┏━━

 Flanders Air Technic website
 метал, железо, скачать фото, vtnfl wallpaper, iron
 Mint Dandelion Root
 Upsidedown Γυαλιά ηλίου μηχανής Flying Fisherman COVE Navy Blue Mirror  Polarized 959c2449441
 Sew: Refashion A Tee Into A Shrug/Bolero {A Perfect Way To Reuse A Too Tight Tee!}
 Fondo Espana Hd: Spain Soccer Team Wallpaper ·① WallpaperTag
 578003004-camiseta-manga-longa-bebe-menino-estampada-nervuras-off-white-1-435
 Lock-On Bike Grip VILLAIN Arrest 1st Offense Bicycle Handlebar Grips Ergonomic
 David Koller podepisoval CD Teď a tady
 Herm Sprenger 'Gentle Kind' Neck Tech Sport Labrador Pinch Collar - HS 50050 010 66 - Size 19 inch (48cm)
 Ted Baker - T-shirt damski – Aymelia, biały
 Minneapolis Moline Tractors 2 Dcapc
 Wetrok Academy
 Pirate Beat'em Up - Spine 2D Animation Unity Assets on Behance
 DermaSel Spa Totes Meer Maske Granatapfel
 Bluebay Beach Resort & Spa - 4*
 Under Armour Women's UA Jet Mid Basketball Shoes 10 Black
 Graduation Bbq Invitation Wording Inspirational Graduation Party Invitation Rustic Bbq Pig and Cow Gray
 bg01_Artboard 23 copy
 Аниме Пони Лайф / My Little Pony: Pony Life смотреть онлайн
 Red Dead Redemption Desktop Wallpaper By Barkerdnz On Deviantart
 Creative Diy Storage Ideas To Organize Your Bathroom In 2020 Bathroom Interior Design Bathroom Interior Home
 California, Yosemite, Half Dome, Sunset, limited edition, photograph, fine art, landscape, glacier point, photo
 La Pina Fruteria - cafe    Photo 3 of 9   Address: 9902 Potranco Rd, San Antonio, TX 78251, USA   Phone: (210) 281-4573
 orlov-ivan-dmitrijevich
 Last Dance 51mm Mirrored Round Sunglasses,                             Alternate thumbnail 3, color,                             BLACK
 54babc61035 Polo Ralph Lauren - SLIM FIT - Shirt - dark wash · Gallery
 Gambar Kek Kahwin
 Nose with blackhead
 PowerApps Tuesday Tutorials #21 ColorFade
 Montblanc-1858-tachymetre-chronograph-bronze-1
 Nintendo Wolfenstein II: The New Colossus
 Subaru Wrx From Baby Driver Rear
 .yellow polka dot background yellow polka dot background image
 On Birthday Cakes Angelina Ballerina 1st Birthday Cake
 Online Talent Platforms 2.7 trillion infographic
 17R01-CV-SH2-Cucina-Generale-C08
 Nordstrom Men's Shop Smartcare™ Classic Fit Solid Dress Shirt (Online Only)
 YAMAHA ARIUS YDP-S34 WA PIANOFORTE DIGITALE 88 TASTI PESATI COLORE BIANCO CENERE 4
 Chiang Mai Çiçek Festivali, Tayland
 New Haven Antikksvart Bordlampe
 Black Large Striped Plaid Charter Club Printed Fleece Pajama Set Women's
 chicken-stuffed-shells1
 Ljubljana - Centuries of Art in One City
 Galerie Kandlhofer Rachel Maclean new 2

┗━━

• Goal of the exercise
Only the lines containing the string "Women" are needed; pull them out of the records.

• Reply to the task
 Under Armour Women's UA Jet Mid Basketball Shoes 10 Black
 Black Large Striped Plaid Charter Club Printed Fleece Pajama Set Women's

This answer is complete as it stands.